The search can be conducted in ‘downstream’, ‘upstream’, bidirectional (‘bi’), or non-directed (‘any’) mode. It computes the shortest distances from the starting vertex and returns a GraphView containing vertices within the specified maximum distance. Optionally, the subgraph can be plotted.
- Parameters:
start_node_idx (int, optional) – The index of the starting vertex (default is 0).
max_dist (int, optional) – Maximum distance (in hops) from the starting vertex (default is 5).
direction (str, optional) – Direction of search; ‘downstream’, ‘upstream’, ‘bi’ for bidirectional, or ‘any’ for non-directed (default is ‘downstream’).
node_text_prop (str, optional) – Vertex property to use for node labels in the plot (default is ‘node_label’).
show_plot (bool, optional) – If True, displays a plot of the filtered subgraph (default is True).
include_upstream_children (bool, optional) – For bidirectional search, if True, include additional upstream children (default is False).
verbosity (bool, optional) – If True, prints detailed information during the search process (default is False).
g (Graph, optional) – An optional graph to operate on; defaults to self.core.graph if not provided.
**kwargs – Additional keyword arguments passed to graph_draw for plotting.
- Returns:
A filtered view of the graph containing vertices within the specified distance from the start vertex.
- Return type:
GraphView
- Raises:
ValueError – If the starting vertex index is invalid or if an invalid search direction is specified.
- view_components(size_threshold, connectivity='strong', g=None)#
Create a GraphView that shows connected components of the graph with a minimum size.
- Parameters:
- Returns:
A view of the graph showing only components that meet the size threshold.
- Return type:
GraphView
- view_layers(layer_names, return_filter=False, copy_gv=False)#
Generate a GraphView filtered by the specified layer names.
- Parameters:
layer_names (Union[List[str], str]) – A single layer name or a list of layer names to filter vertices by.
return_filter (bool, optional) – If True, returns the Boolean vertex property used for filtering instead of a GraphView.

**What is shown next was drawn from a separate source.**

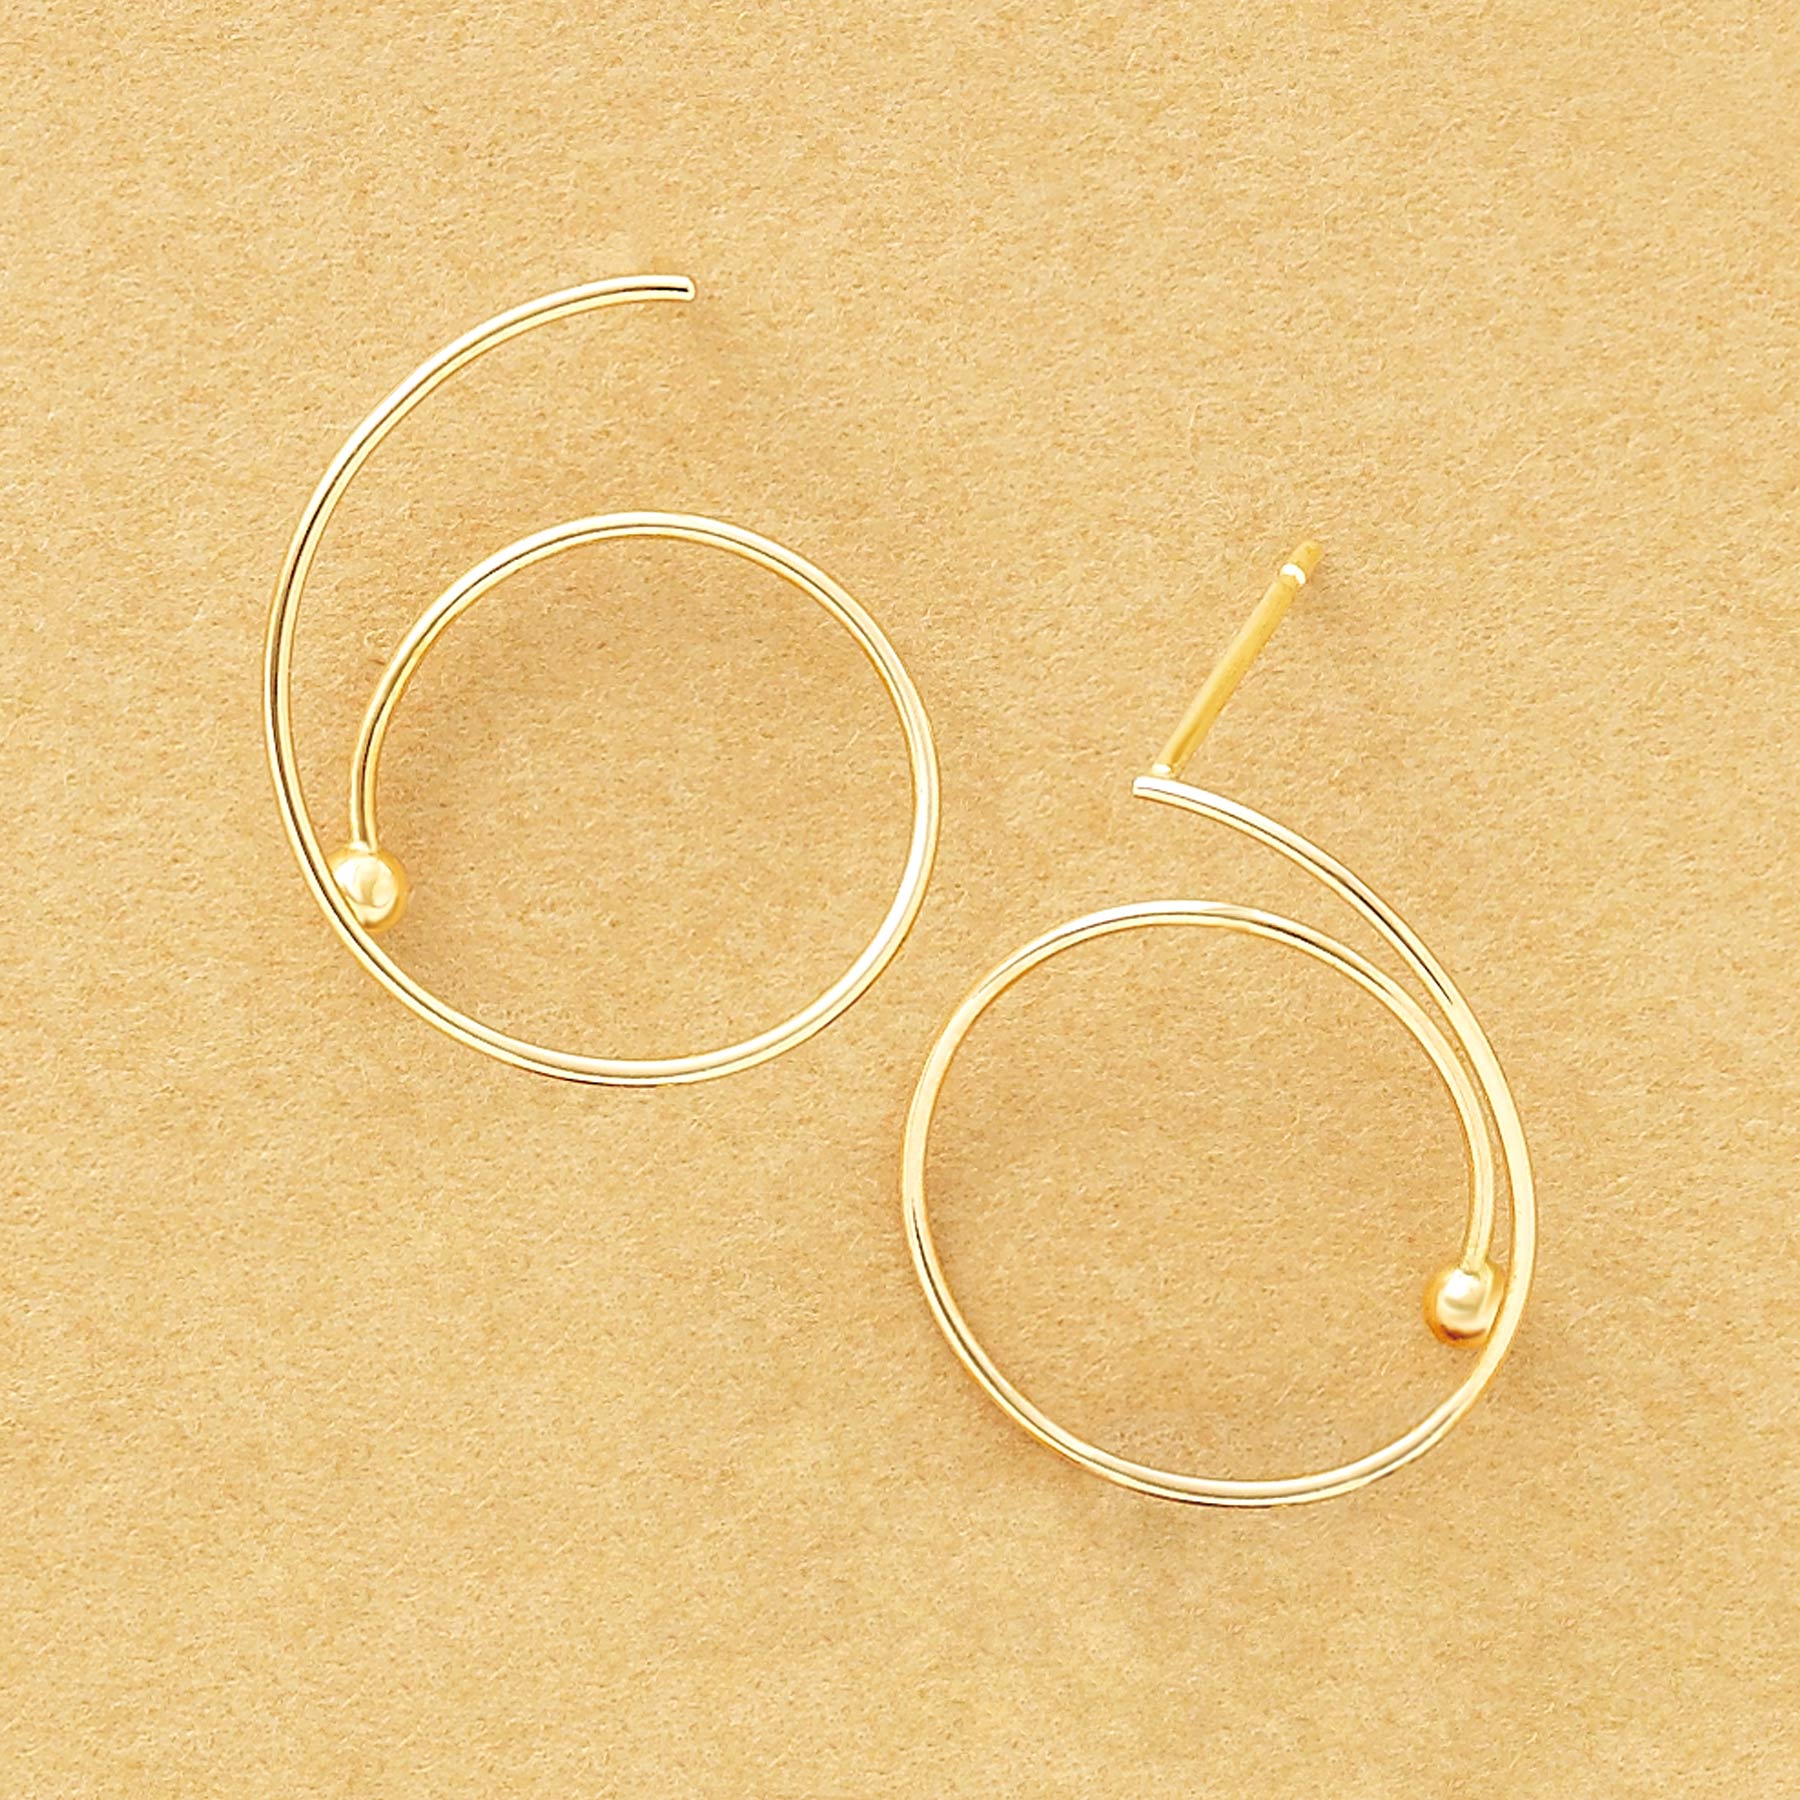 [Palette] 18K / 10K Yellow Gold Hoop Stud Earrings - Product Image
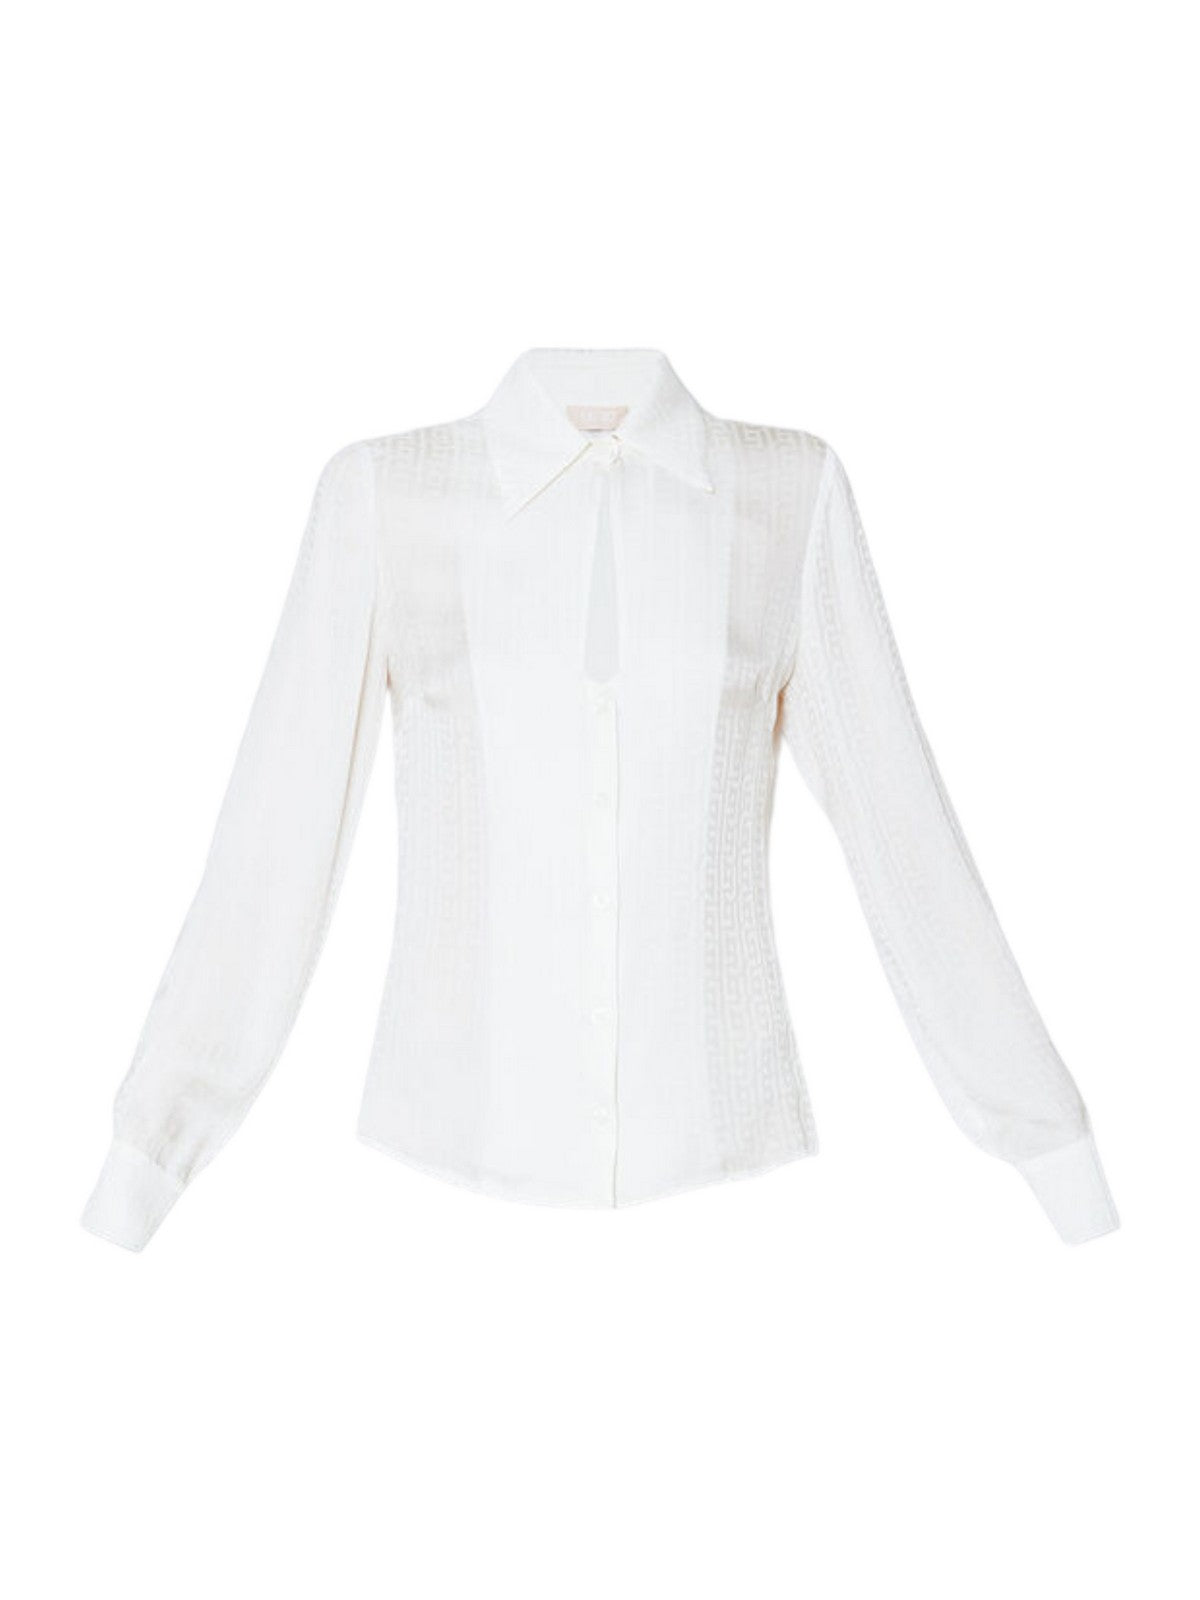 LIU JO WHITE Camicia Donna  MF3312T3702 V9183 Bianco

copy_gv (bool, optional) – If True, returns a new Graph object constructed from the GraphView.
- Returns:
The filtered GraphView or Boolean property map based on the layer filter.
- Return type:
Union[GraphView, PropertyMap]
- Raises:
ValueError – If any specified layer name does not exist.
onionnet.visualisation module#
- onionnet.visualisation.add_halo_to_node(g, node, halo_color=(1.0, 1.0, 0.0, 0.5), halo_size_factor=1.5)#
Add a halo to a specific node while styling the graph.
Parameters:#
g (Graph): The graph object.
node (Vertex): The specific vertex requiring a halo.
halo_color (tuple): RGBA color for the halo.
halo_size_factor (float): Size of the halo relative to the node size.
Returns:#
: - result (dict): A dictionary containing:
‘v_halo’ (PropertyMap): Halo property map (only for the specific node).
‘v_halo_color’ (PropertyMap): Halo colour as a property map (only for the specific node with halo).
- onionnet.visualisation.add_halos_to_nodes(g, nodes, colors=None, default_color=(1.0, 1.0, 0.0, 0.6), prop_name_halo='v_halo', prop_name_color='v_halo_color')#
Create per-vertex halo + halo-color property maps for one or more nodes.
- Parameters:
g (Graph or GraphView) – The graph you will draw.
nodes (sequence of Vertex or int) – Vertices to highlight. (If you pass ints, they are treated as vertex indices.)
colors (sequence of RGBA tuples, optional) – Per-node halo colors; if fewer than nodes, default_color is used for the rest.
default_color (tuple) – Fallback RGBA.
prop_name_halo (str) – Name to assign the boolean halo map into g.vp.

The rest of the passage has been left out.